DNA sequencing.

★★★

3-letter sequences encode amino acids in DNA. For example, TTT is phenylalanine and TTA is leucine. This program reads a DNA sequence stored in a file and outputs the number of a particular amino acid in the sequence requested by the user. E.g. in the sequence: ACGTTTGTATTT the sequence TTT appears twice.

Amino acids

Make

Write a program that asks the user to enter three characters and outputs how many times that sequence of characters appears in a file.

Success Criteria

Remember to add a comment before a subprogram, selection or iteration statement to explain its purpose.

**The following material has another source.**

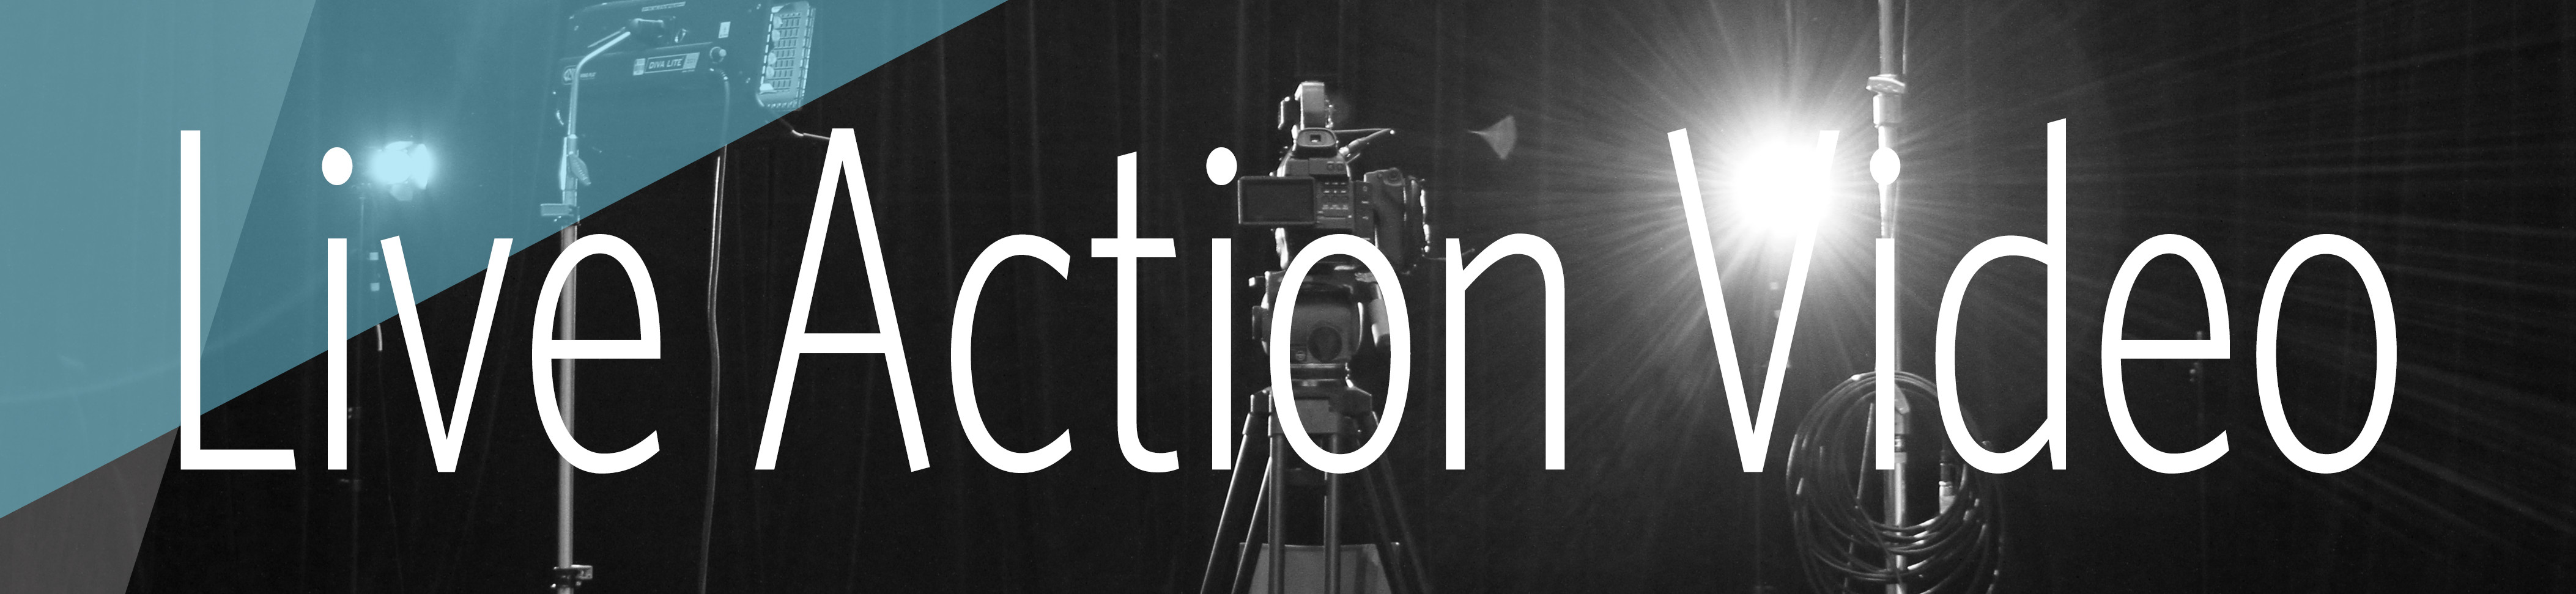 Live_Action_Video

Complete the subprogram called get_amino_acid that:

  1. Asks the user to input an amino acid.
  2. Validates the input to ensure only three letters of ACG or T are accepted.
  3. Returns the valid choice.

Complete the subprogram called check_sequence that:

  1. Takes the amino acid as a parameter.
  2. Opens the file called, dna.txt for reading. Note this is included in the Trinket above for you to use as source data.
  3. If the file cannot be found it returns -1.
  4. Reads the file a line at a time.
  5. Counts the number of amino acids found in the file.
  6. Closes the file.
  7. Returns the number of amino acids of the given sequence found.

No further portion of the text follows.